On Thu, Jan 25, 2018 at 19:51:23 +0530, Prerna Saxena wrote:
> In case of non-p2p migration, in case libvirt client gets disconnected from source libvirt
> after PERFORM phase is over, the daemon just resets the current migration job.
> However, the VM could be left paused on both source and destination in such case. In case
> the client reconnects and queries migration status, the job has been blanked out from source libvirt,
> and this reconnected client has no clear way of figuring out if an unclean migration had previously
> been aborted.
The virDomainGetState API should return VIR_DOMAIN_PAUSED with
VIR_DOMAIN_PAUSED_MIGRATION reason. Is this not enough?
> This patch calls out a "potentially" incomplete migration as a failed
> job, so that a client may
As you say it's potentially incomplete, so marking it as failed is not
completely correct.

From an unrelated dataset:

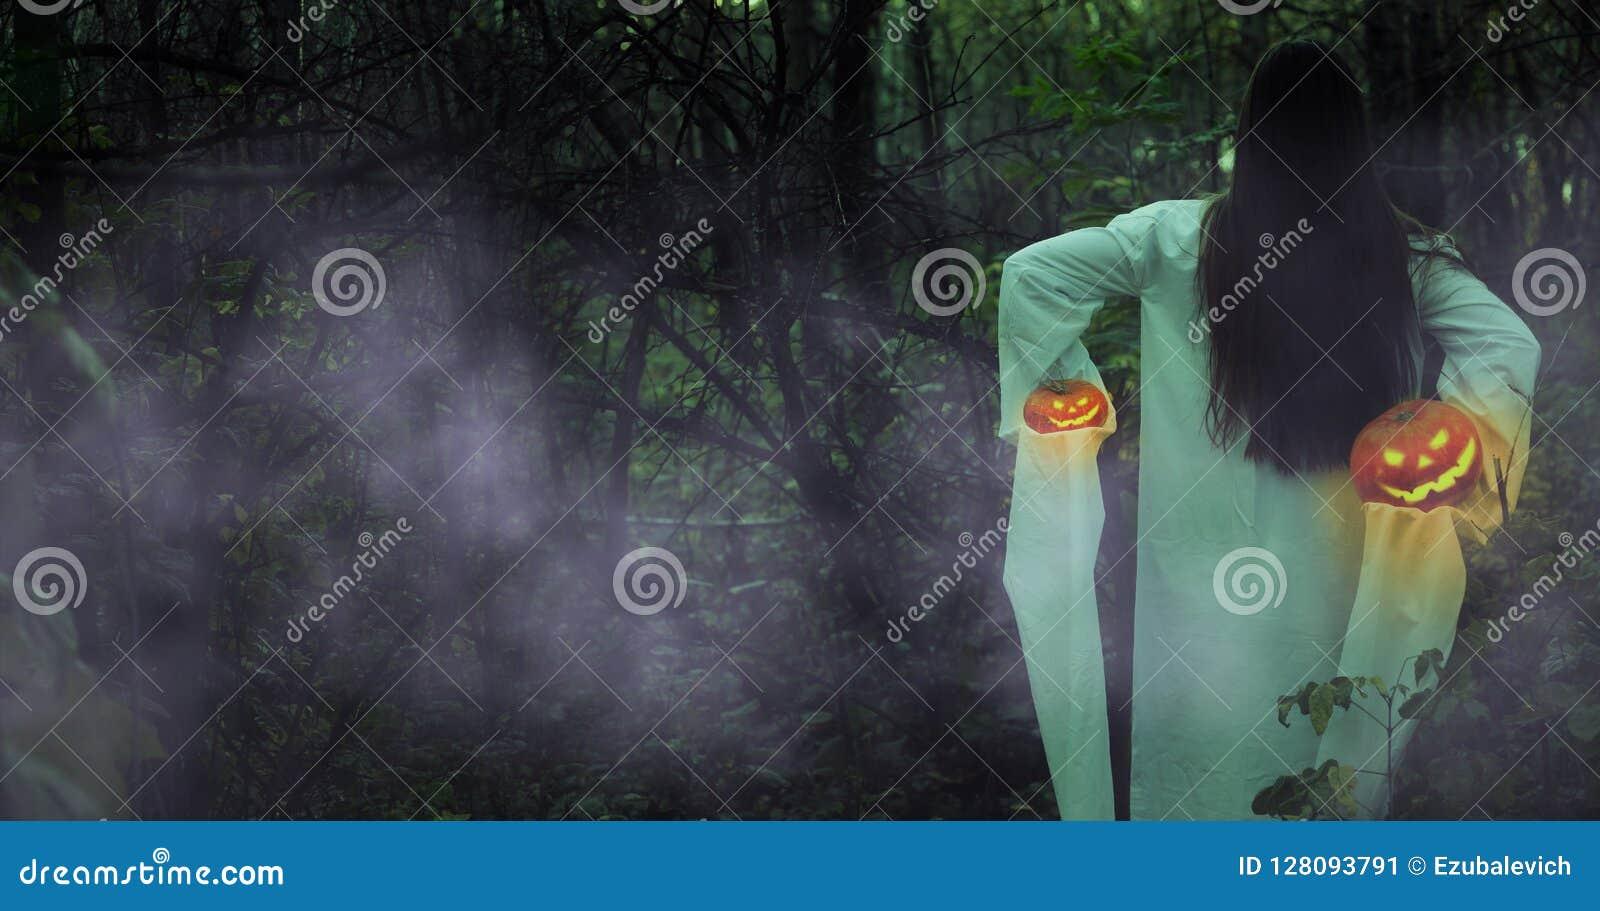 Ragazza morta con la Jack-o-lanterna in una foresta nebbiosa alla notte

It's a split brain when the source cannot
distinguish whether the migration was successful or not.
> diff --git a/src/qemu/qemu_domain.c b/src/qemu/qemu_domain.c
> index e8e0313..7c60d17 100644
> --- a/src/qemu/qemu_domain.c
> +++ b/src/qemu/qemu_domain.c
> @@ -4564,6 +4564,22 @@ qemuDomainObjDiscardAsyncJob(virQEMUDriverPtr driver, virDomainObjPtr obj) This will just leak the memory allocated for priv->job.completed by
> qemuDomainObjSaveJob(driver, obj);
> }
>
> +
> +void
> +qemuDomainObjFailAsyncJob(virQEMUDriverPtr driver, virDomainObjPtr obj)
> +{
> + qemuDomainObjPrivatePtr priv = obj->privateData;
> + VIR_FREE(priv->job.completed);
> + if (VIR_ALLOC(priv->job.completed) == 0) {
> + priv->job.current->type = VIR_DOMAIN_JOB_FAILED;
> + priv->job.completed = priv->job.current;
overwriting the pointer to the one from priv->job.current, ...
> + } else {
> + VIR_WARN("Unable to allocate job.completed for VM %s", obj->def->name);
> + }
> + qemuDomainObjResetAsyncJob(priv); which will point to a freed memory after this call.
> + qemuDomainObjEndJob(driver, obj);
And while this is almost certainly (I didn't really check though) not
something you should call from a close callback, you don't save the
changes to the status XML so once libvirtd restarts, it will think the
domain is still being migrated.